Treasury Regulation 1.79-2(b) (3):

(3) Retirement age. For purposes of section 79(b) (1) and this section, the meaning of the term “retirement age” is determined in accordance with the following rules—

(i) (a) If the employee is covered under a written pension or annuity plan of the employer providing such individual group-term life insurance on his life (whether or not such plan is qualified under section 401(a) or 403(a)), then his retirement age shall be considered to be the earlier of—

(1) The earliest age indicated by such plan at which an active employee has the right (or an inactive individual would have the right had he continued in employment) to retire without disability and without the consent of his employer and receive immediate retirement benefits computed at either the full rate or a rate proportionate to completed service as set forth in the normal retirement formula of the plan, i. e., without actuarial or similar reduction because of retirement before some later specified age, or

(2) The age at which it has been the practice of the employer to terminate, due to age, the services of the class of employees to which he last belonged.

(b) For purposes of (a) of this subdivision, if an employee is covered under more than one pension or annuity plan of the employer, his retirement age shall be determined with regard to that plan which covers that class of employees of the employer to which the employee last belonged. If the class of employees to which the employee last belonged is covered under more than one pension or annuity plan, then the employee’s retirement age shall be determined with regard to that plan which covers the greatest number of the employer’s employees.

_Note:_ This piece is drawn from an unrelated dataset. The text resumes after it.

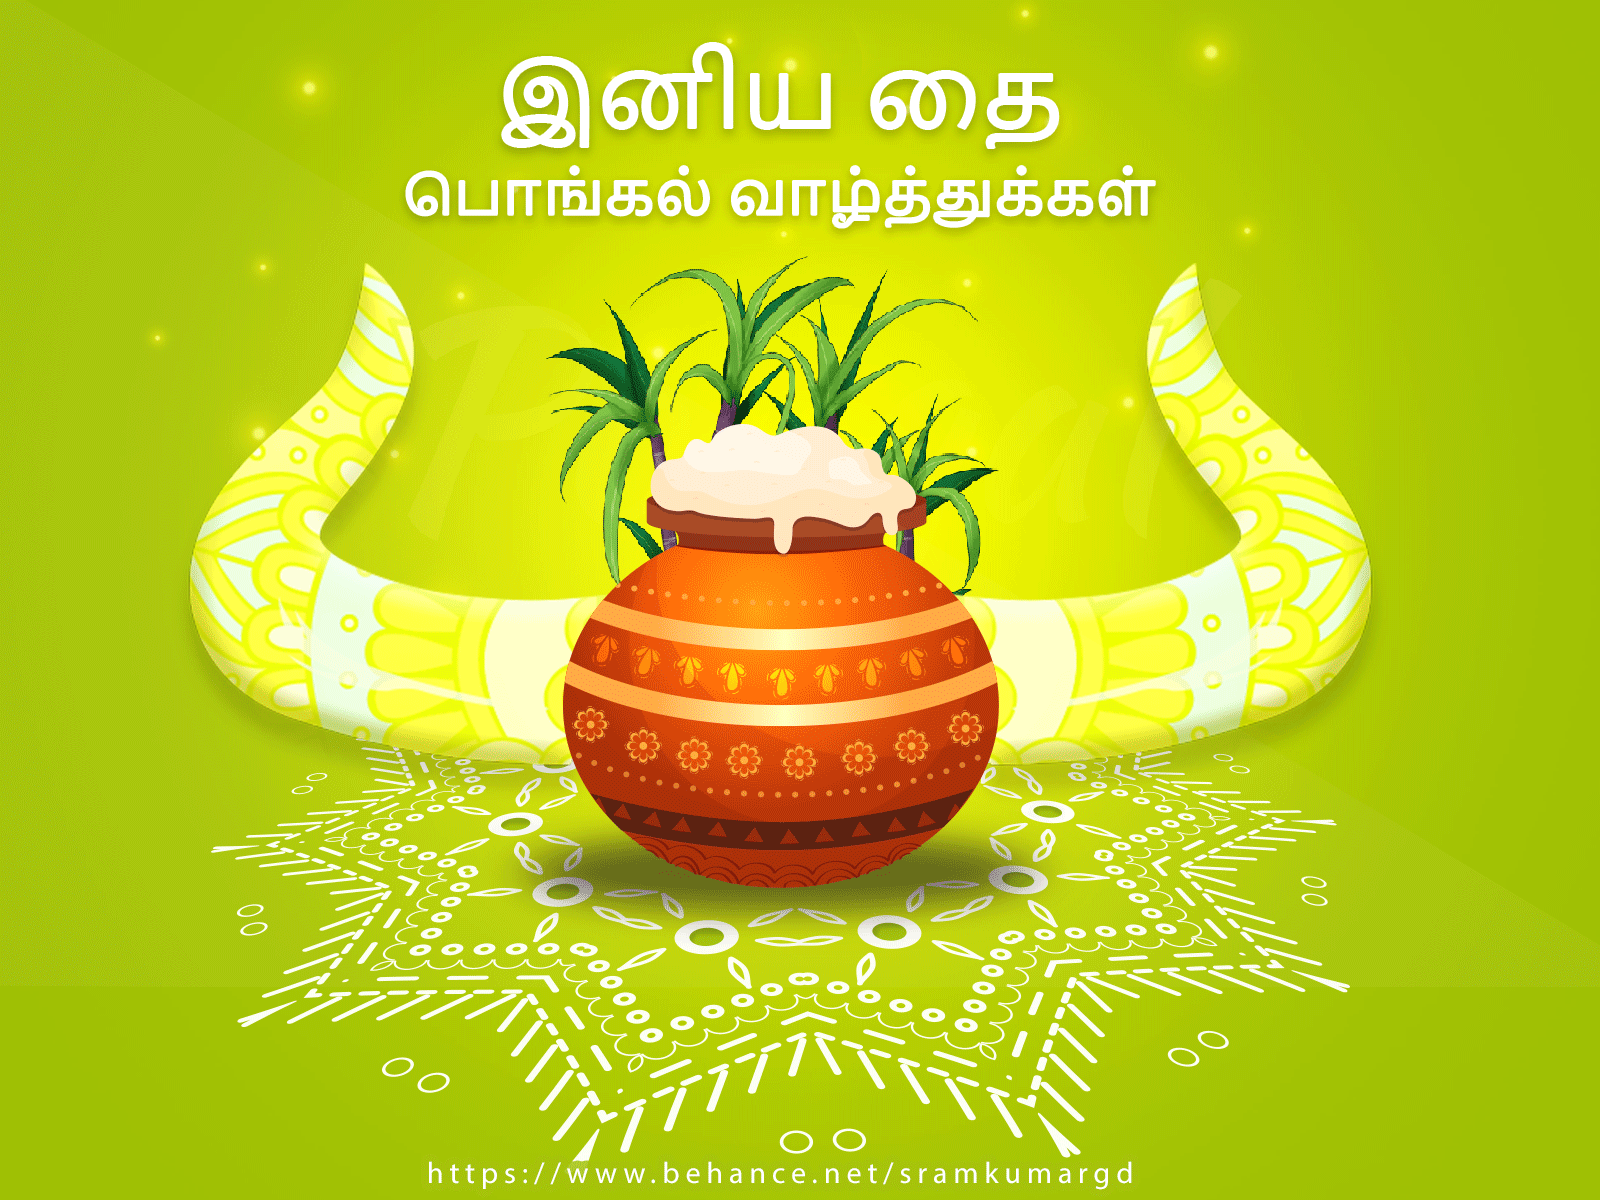 Wish You Happy Pongal | இனிய தை பொங்கல் வாழ்த்துக்கள் 2021 happy tamil new year wish wishes இனிய தை பொங்கல் வாழ்த்துக்கள்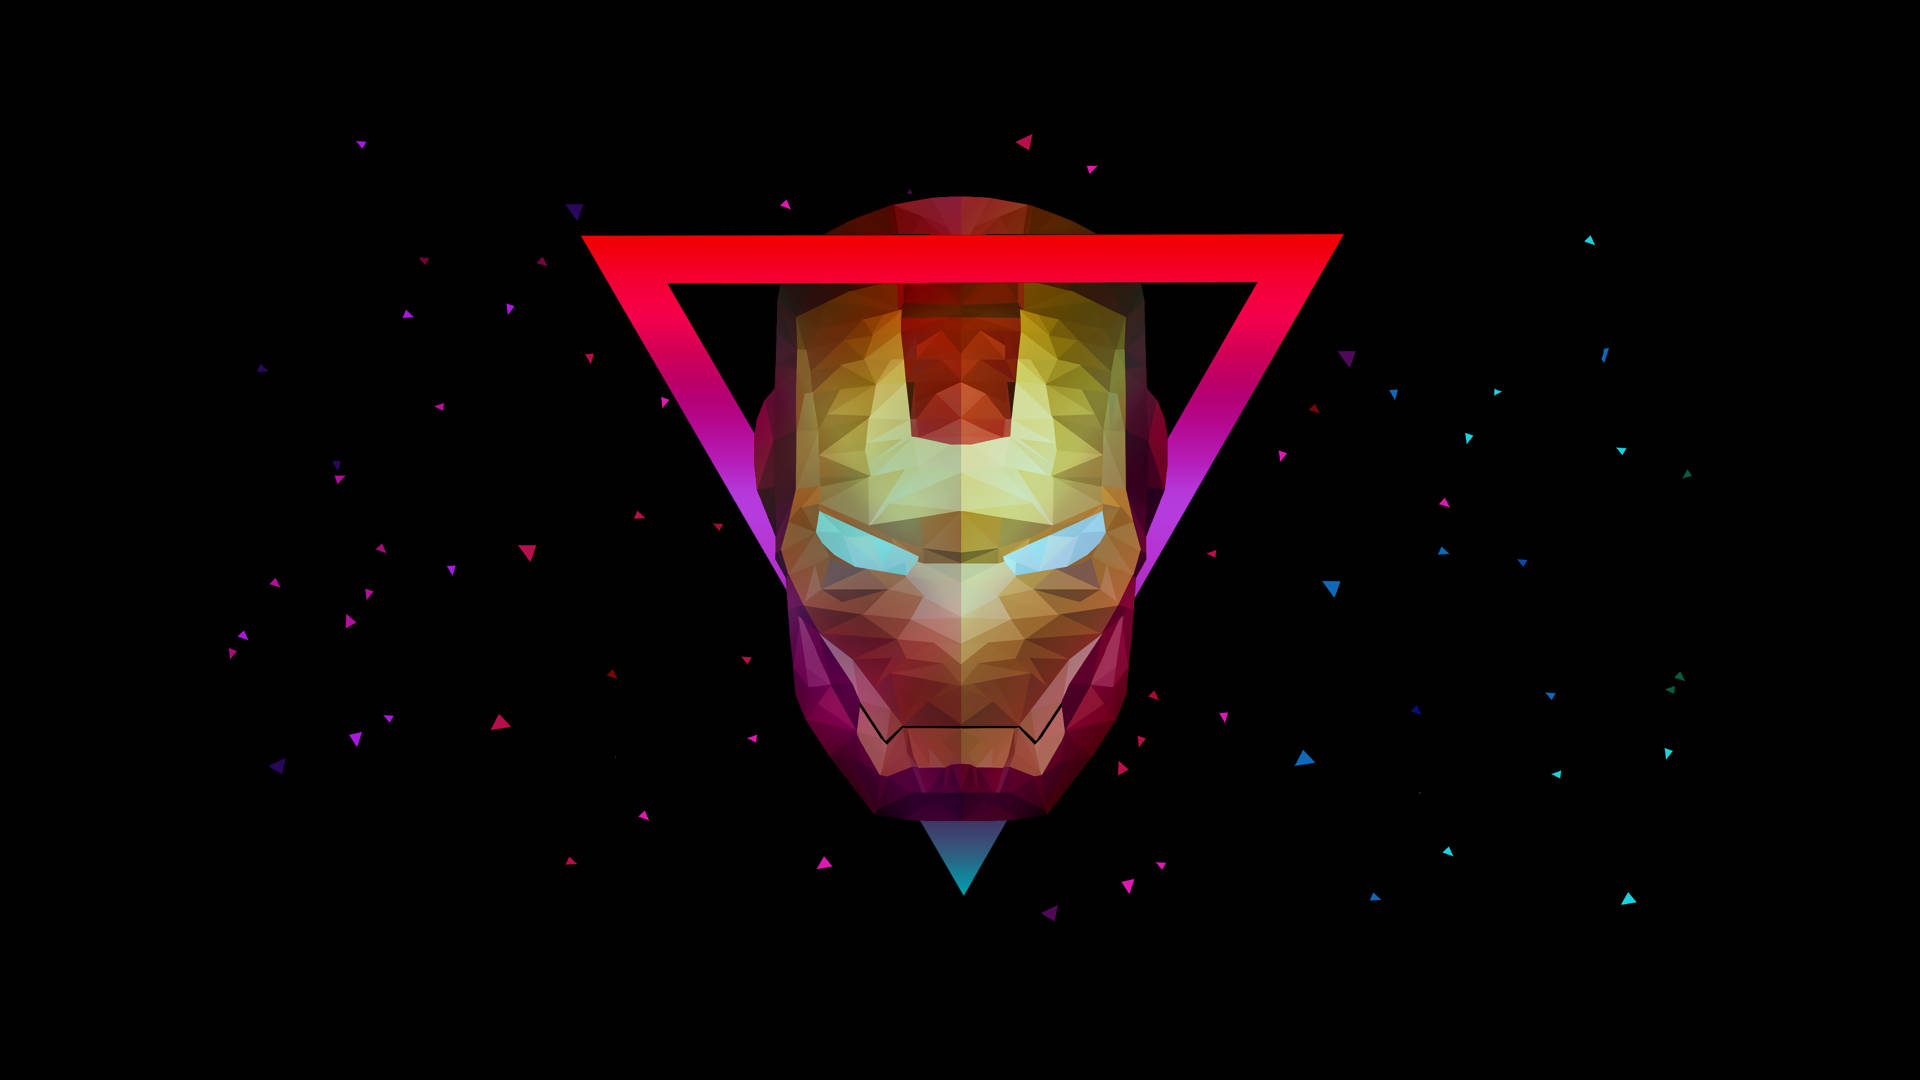 Triangle Iron Man Full Hd Wallpaper

(ii) In the absence of a written employee’s pension or annuity plan described in subdivision (i) of this sub-paragraph, retirement age is the age, if any, at which it has been the practice of the employer to terminate, due to age, the services of the class of employees to which the particular employee last belonged, provided such age is reasonable in view of all the pertinent facts and circumstances.

(iii) If neither subdivision (i) or (ii) of this subparagraph applies, the retirement age is considered to be age 65.